OHCA is asking for relief on the franchise fee. "We'd like to roll that back since the state now has more federal money coming in than we budgeted for," Black-Kurek explained.

The third initiative is a package of non-economic regulatory relief items. "These are things that don't cost anything but could make us more efficient," Black-Kurek said. The items in the package range from a tub/shower amendment that would eliminate the Ohio Department of Health's requirement that all newly built resident rooms contain a tub or shower to a discharge amendment that addresses the difficult issue of discharging residents for non-payment.

The QIS in Ohio

Ohio is one of the first states to implement the new Quality Indicator Survey, or QIS. According to Black-Kurek, many facilities in Ohio have transitioned to the QIS, but some are still seeing the traditional survey. "It's really been a function of how many teams the state has been able to get trained," Black-Kurek said. Since funding has been cut back, Black-Kurek is unsure of when all of the state's teams will be trained.

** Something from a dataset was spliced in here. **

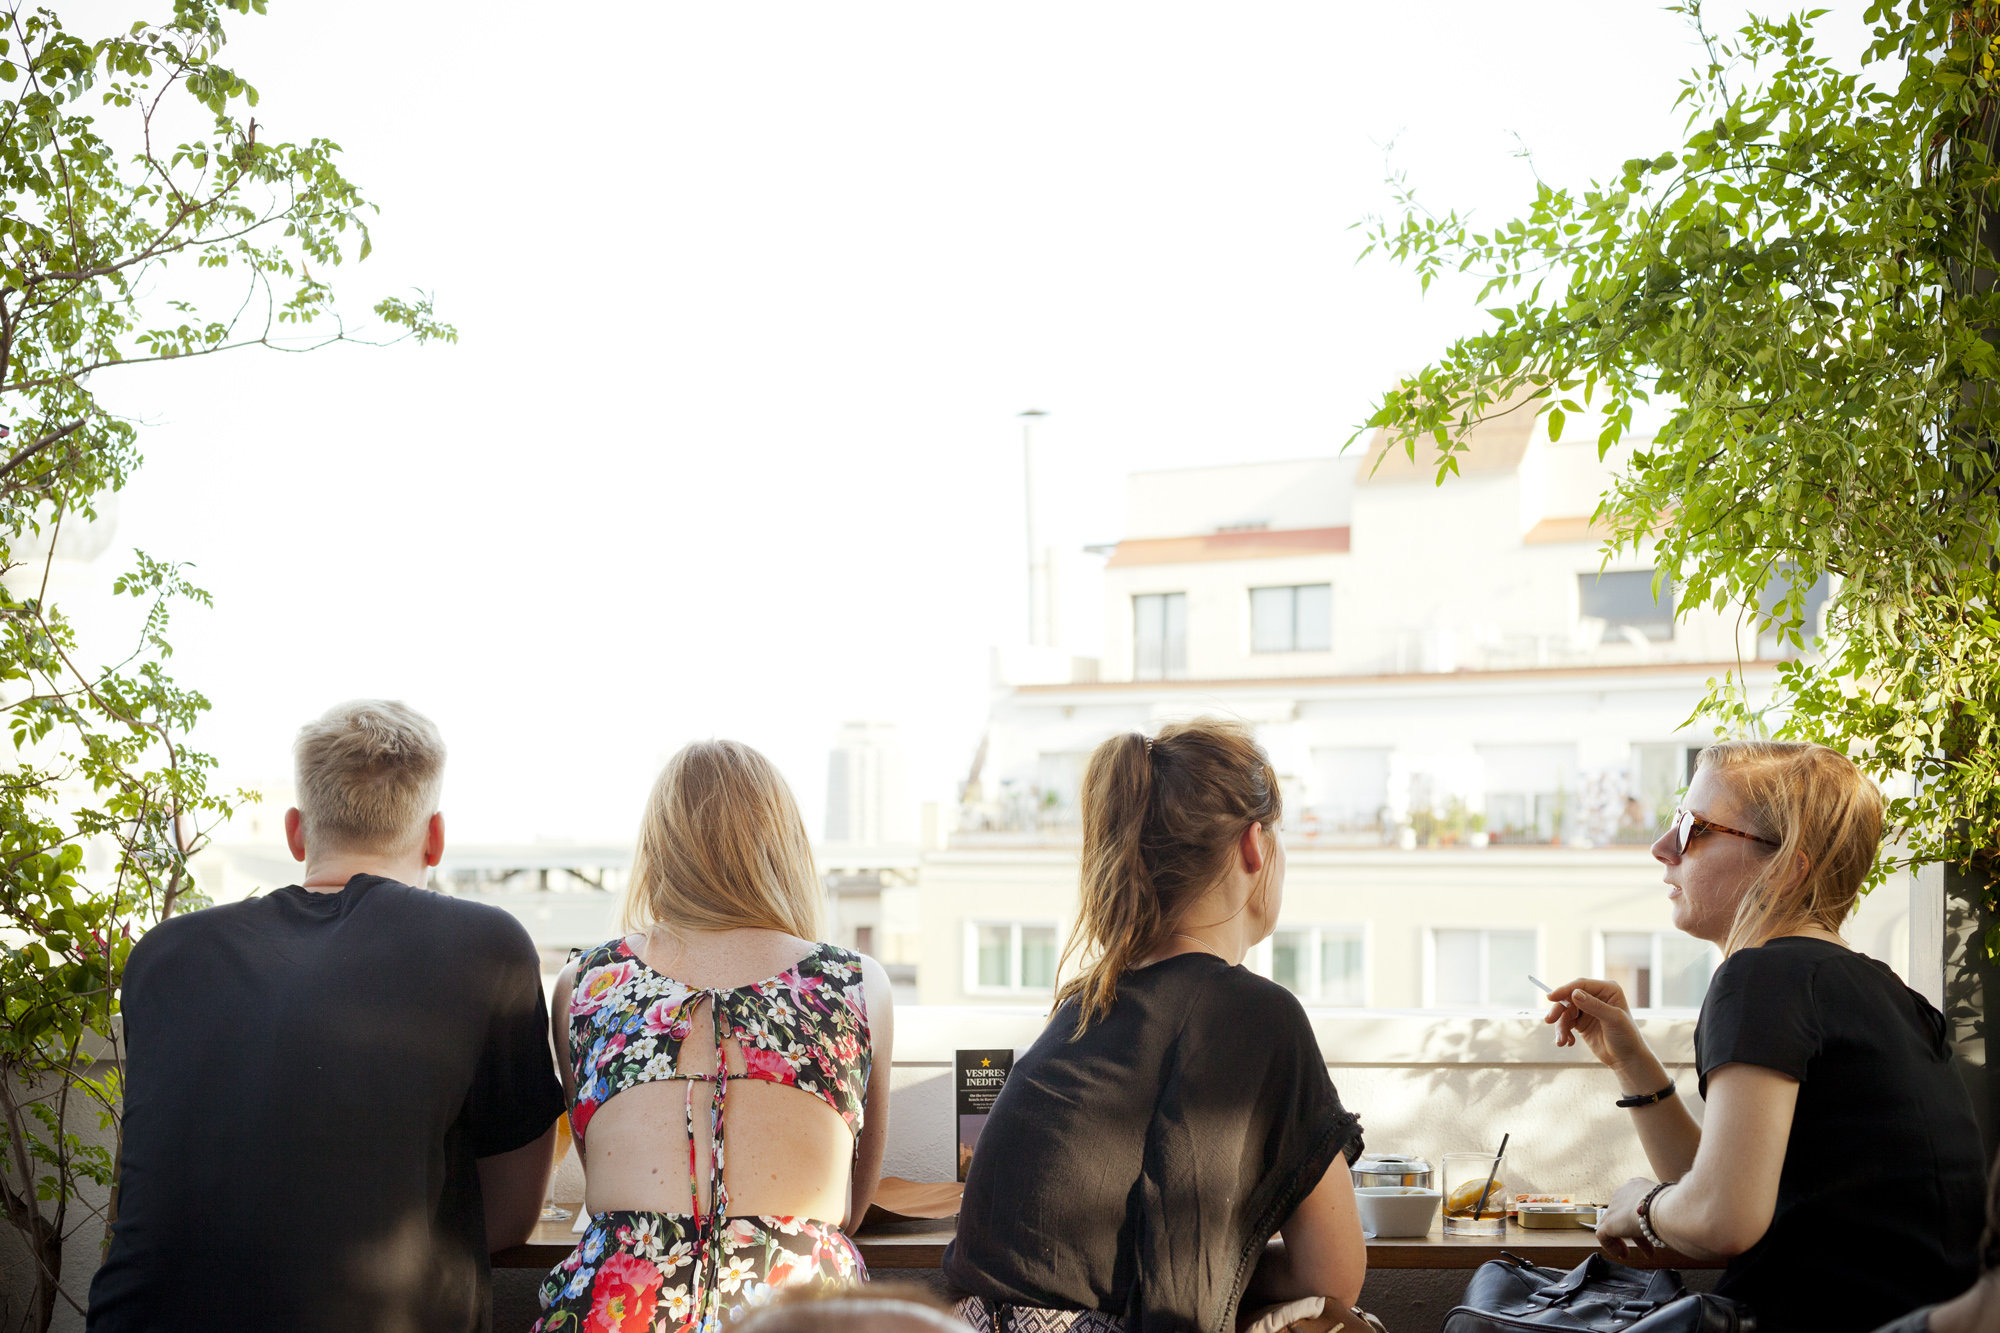 La terraza del Hotel Pulitzer, un oasis en medio de la ciudad
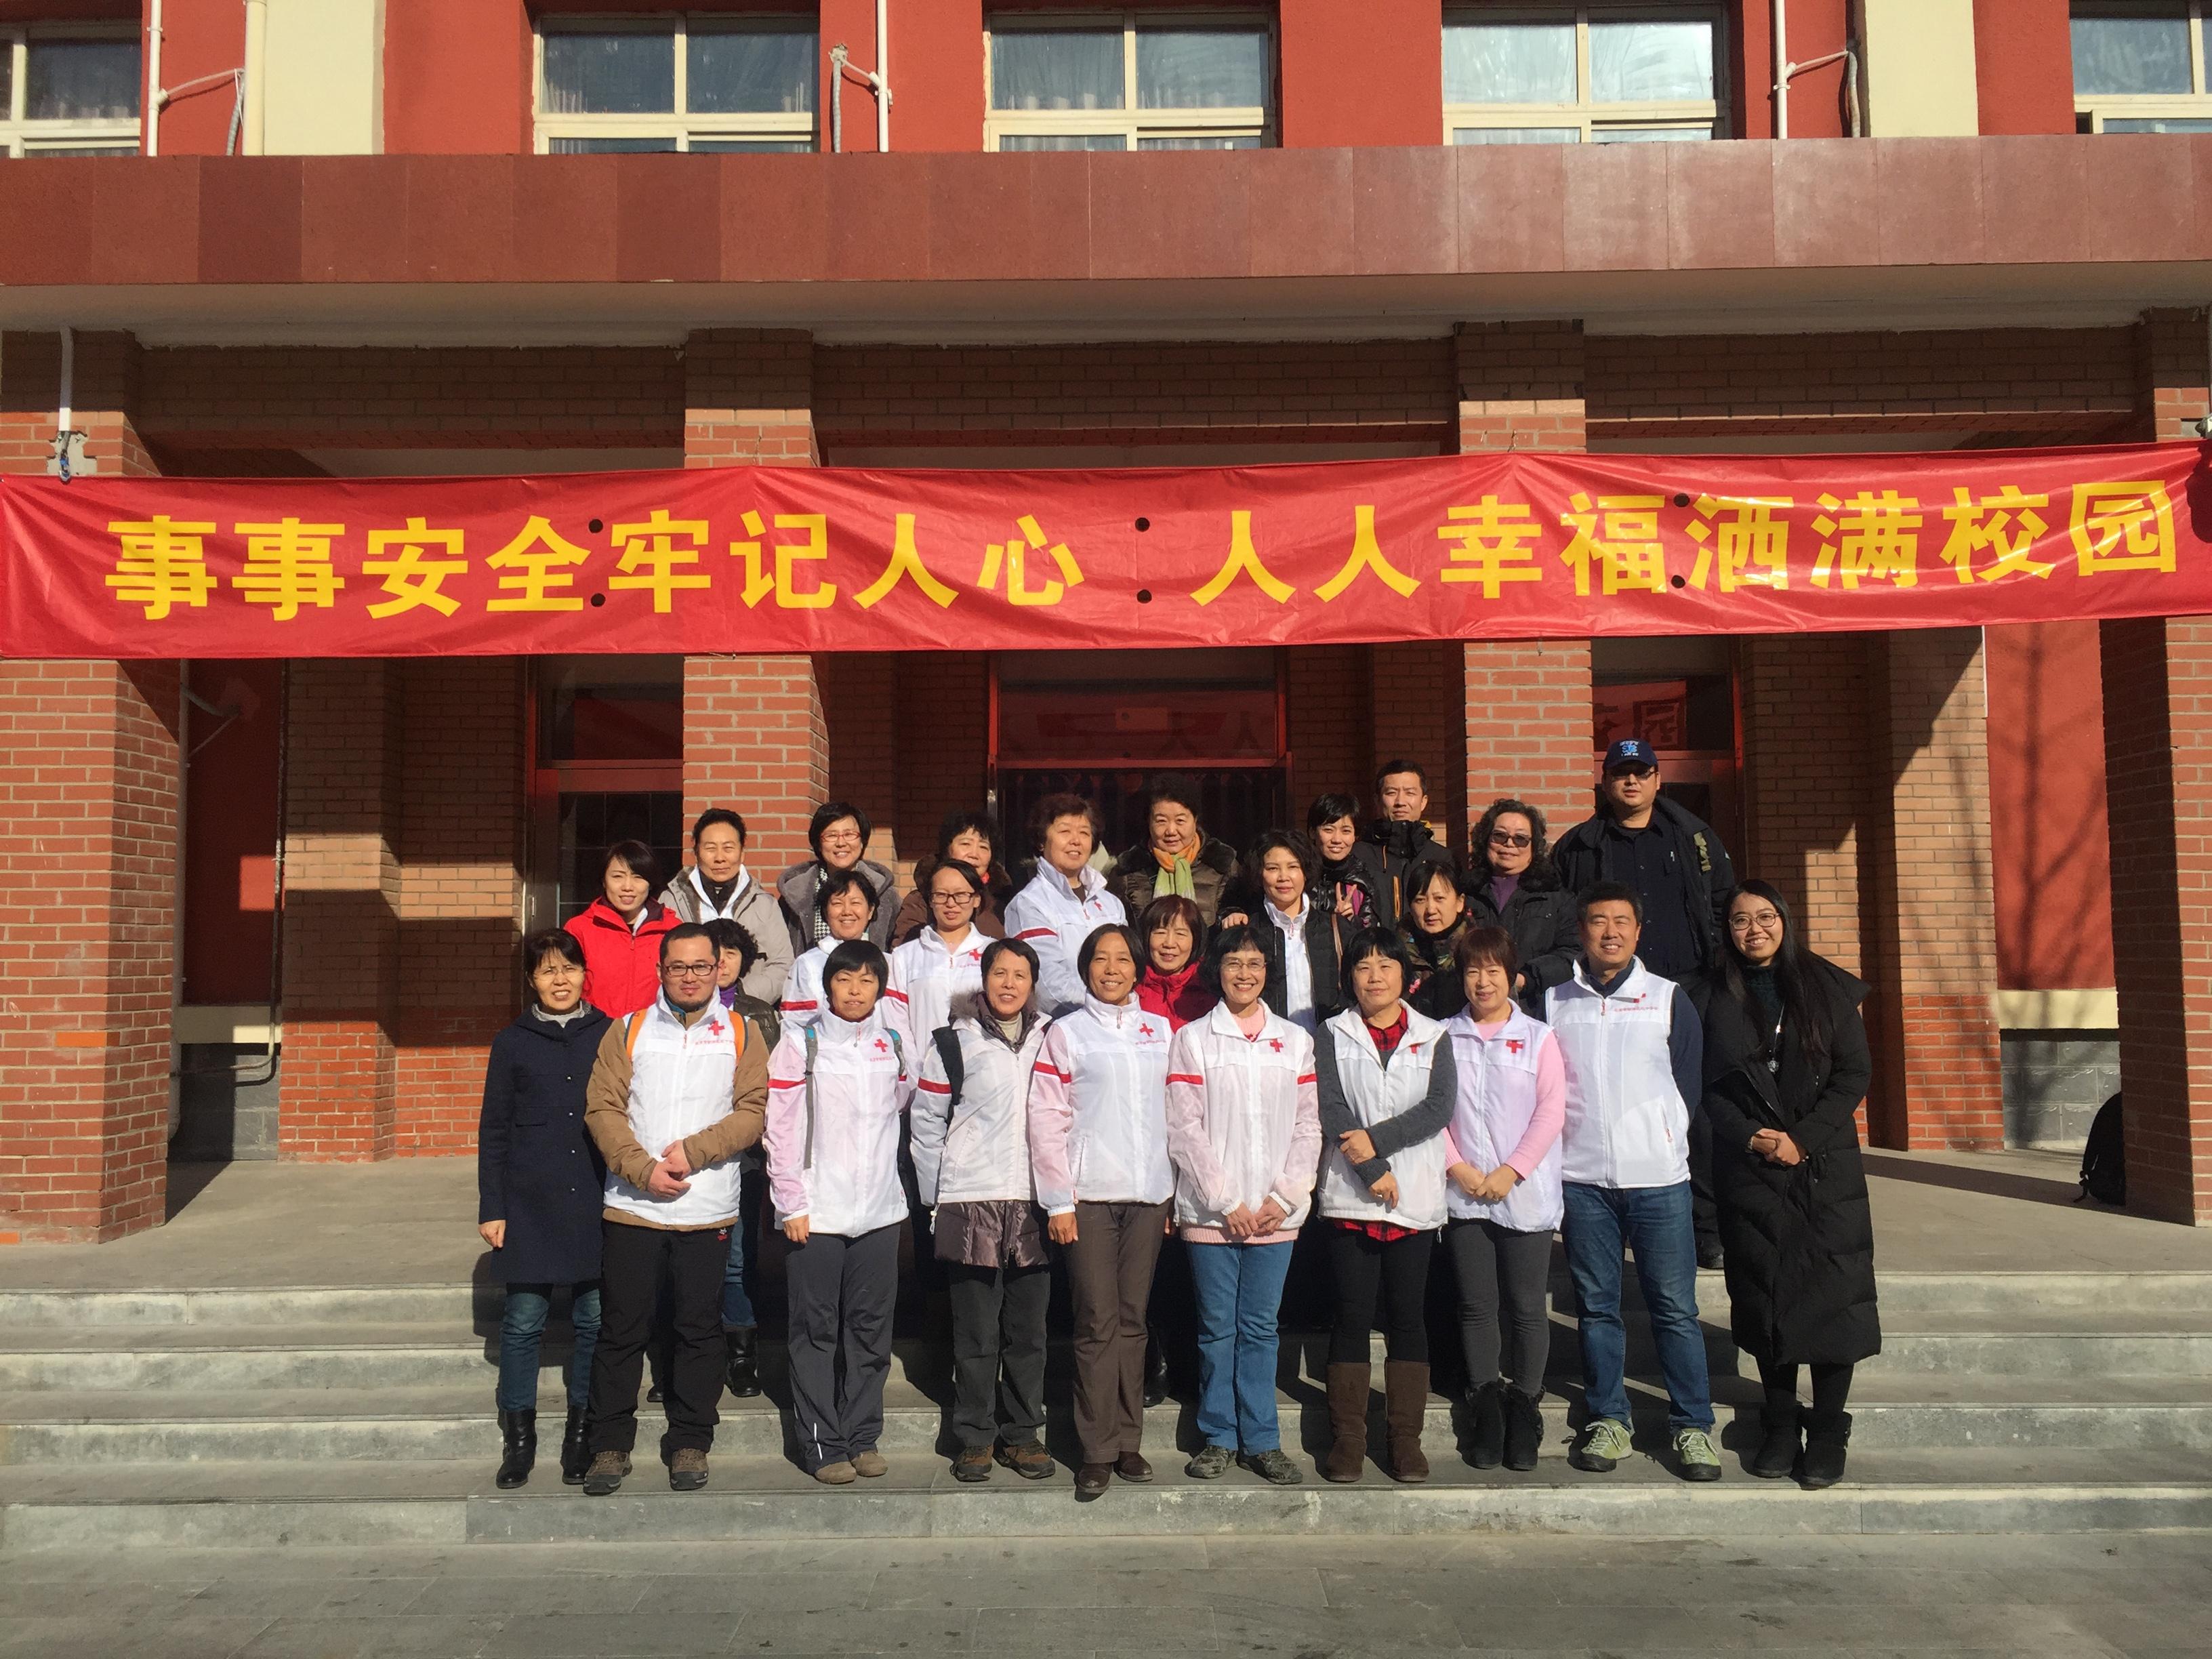 垂杨柳校区开展红十字会急救技能学生培训

When the Centers for Medicare & Medicaid Services (CMS) began developing the QIS, the agency's two biggest goals were to make the survey process more objective as well as more resident-focused. Black-Kurek feels that the QIS is accomplishing those goals. "They'll never be able to completely take subjectivity out of the survey process, but the QIS does make the areas they look at more objective," she said. "The resident interviews are making the process more resident-focused as well."

Even though it's fulfilling its goals, Black-Kurek acknowledges that getting used to the QIS is will take some time. She's heard that some facilities are unsettled by the fact that they're not receiving feedback at the end of each day of the survey. "They feel like they don't have as much control of the survey process because they don't have that feedback every day," she said. "It seems like by the time the surveyors talk to you, they've already decided to cite you on something."

Black-Kurek predicts that facilities will become more comfortable with the QIS process after they've gotten through their first one. That said, she has suggestions on how facilities can ensure that they're survey-ready year round.

"Do a mock QIS survey, just like you did mock surveys before," she said. "It's very helpful to ask residents to answer the resident interview questions ahead of time." She recommends having CNAs ask residents the questions because residents might be more likely to open up to an aide than an administrator.

She also recommends that smaller facilities recognize that the QIS is going to affect them differently than the traditional survey did. Since surveyors will be talking to a set number of residents, it is possible that they will speak to every resident at smaller facilities.

Overall, adjusting to the QIS is "just going to take practice," Black-Kurek said.

Advocating for Ohio

As OHCA's president, Black-Kurek is continuously lobbying for changes that will improve care and trim facility costs. That's not an easy task, given that long-term care took a $186 million cut in the last state budget.

"For the last budget, the state was facing a shortfall of between $3 billion and $4 billion," Black-Kurek said. "For the next budget, that figure is going to be around $8 billion. We're looking at how we can deal with that. The legislators are going to have their hands full trying to get a balanced budget."

Throughout her term as OHCA's president, Black-Kurek plans to continue the organization's longstanding dedication to education and advocacy in order to aid Ohio's long-term care facilities and the residents they serve. It's a role she seems born to play.

"I've never been one to sit back and let others take care of things," she said. "I've always been active in lobbying and finding solutions."